Als der Beschuldigte ungeachtet dieser Vorladung am 30.April 1986 nicht erschien, wurde die Hauptverhandlung in seiner Abwesenheit durchgeführt. Nach Schluß des Beweisverfahrens, in welchem vor allem Ursula S*** als Zeugin einvernommen worden war, die sich dem Strafverfahren gegen ihren Ehegatten mit einem Betrag von 31.000 S als Privatbeteiligte angeschlossen hatte, beantragte der Bezirksanwalt "Bestrafung des Beschuldigten mit Ausdehnung des Strafantrages bis heute" (AS 22 unten). Hierauf wurde Alfred S*** in Abwesenheit schuldig erkannt, seit

September 1985 bis 29.April 1986 in Vöcklabruck dadurch, daß er für seine Gattin Ursula S*** und seine beiden oben erwähnten ehelichen Kinder mit Ausnahme der Zahlung von 2.000 S zu Weihnachten 1985 und von 1.000 S im Jänner 1986 keinerlei Zahlungen leistete, seine im Familienrecht begründete Unterhaltspflicht gröblich verletzt und dadurch bewirkt zu haben, daß der Unterhalt der Unterhaltsberechtigten ohne Hilfe von anderer Seite, nämlich Unterstützung seitens Olga R***, gefährdet gewesen wäre, und hiedurch das Vergehen der Verletzung der Unterhaltspflicht nach § 198 Abs. 1 StGB begangen zu haben. Nach dieser Gesetzesstelle wurde über ihn eine Freiheitsstrafe in der Dauer von vier Wochen verhängt. Der Privatbeteiligten Ursula S*** wurde gemäß § 369 Abs. 1 StPO ein Betrag von 31.000 S zugesprochen.

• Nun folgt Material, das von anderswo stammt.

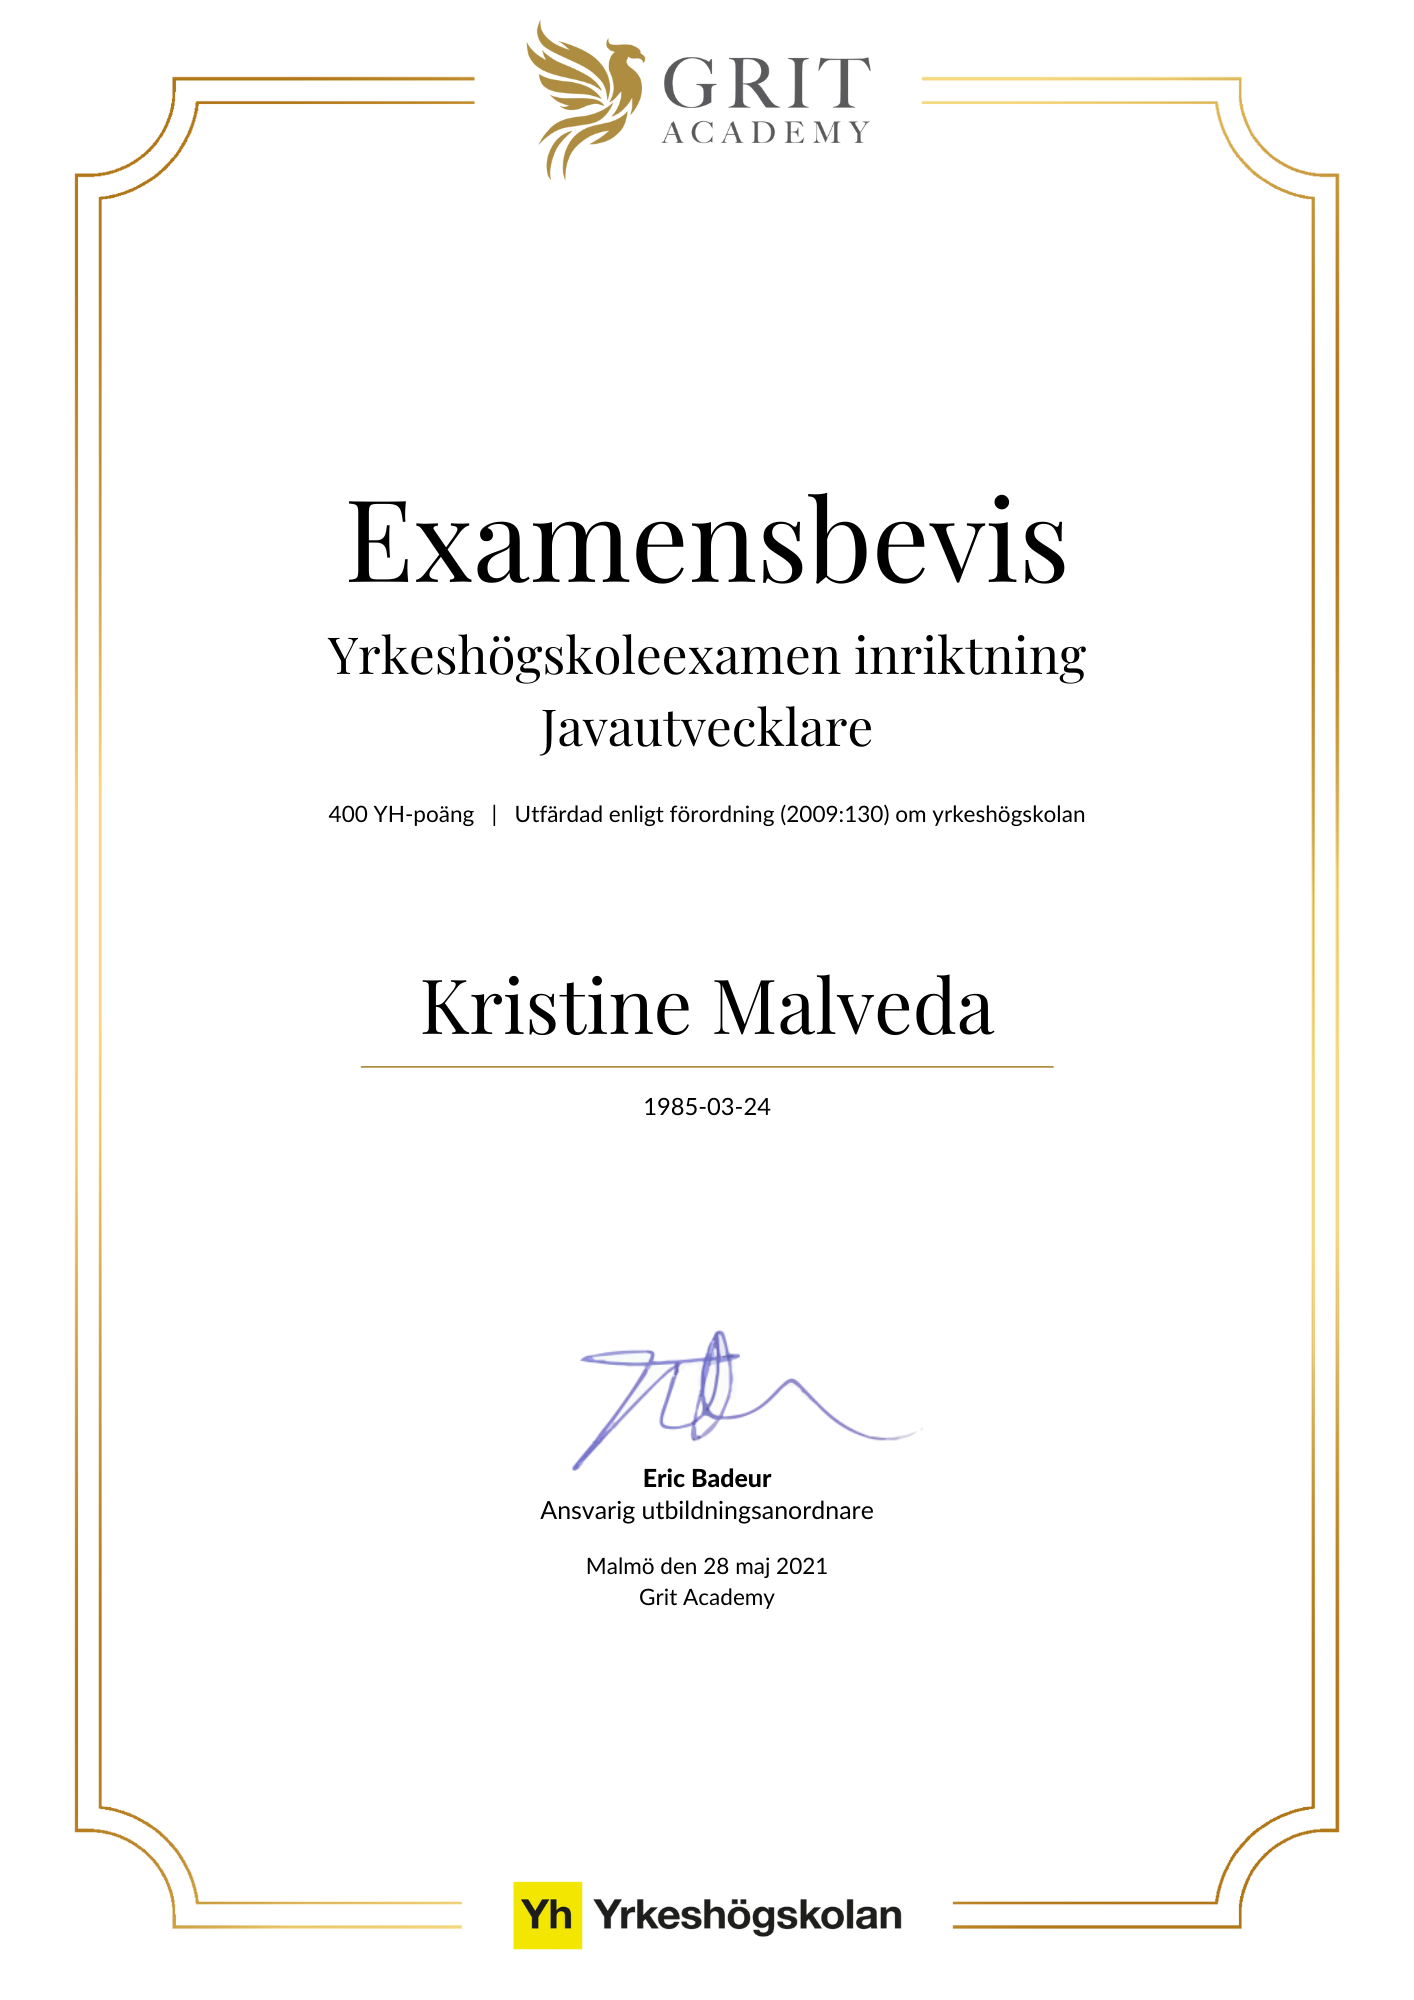 Examensbevis Kristine Malveda - 1

Dieses Urteil (ON 5 des Aktes) wurde samt Rechtsmittelbelehrung Alfred S*** zu eigenen Handen zugestellt und erwuchs am 31. Mai 1986 in Rechtskraft. Infolge Gewährung eines Strafaufschubs bis Jahresende 1986 hat der Verurteilte die über ihn verhängte Freiheitsstrafe bisher nicht angetreten.

Rechtliche Beurteilung

Das Gesetz ist durch Urteilsfällung in Abwesenheit dieses Beschuldigten auch in bezug auf die Unterhaltsverletzung während des vom schriftlichen Bestrafungsantrag des Bezirksanwaltes nicht erfaßt gewesenen Zeitraumes vom 10.April 1986 bis 29.April 1986 in der Bestimmung des § 459 StPO, und durch den Zuspruch an die Privatbeteiligte überdies im zweiten Satz des § 365 Abs. 2 StPO verletzt worden.

Gemäß § 459 StPO kann der Richter bei Ausbleiben des Beschuldigten von der Hauptverhandlung ungeachtet gehöriger Vorladung - sofern er nicht dessen Vernehmung nötig findet - das Verfahren beginnen, die Beweise aufnehmen und nach Anhörung des Anklägers das Urteil fällen und verkünden, welches sodann dem ausgebliebenen Beschuldigten in amtlicher Abschrift zuzustellen ist. Gehörig ist die Vorladung aber nur, wenn sie auch der Vorschrift des § 454 StPO entspricht, derzufolge sie insbesondere die wesentlichen Tatsachen der dem Beschuldigten zur Last gelegten strafbaren Handlung enthalten muß.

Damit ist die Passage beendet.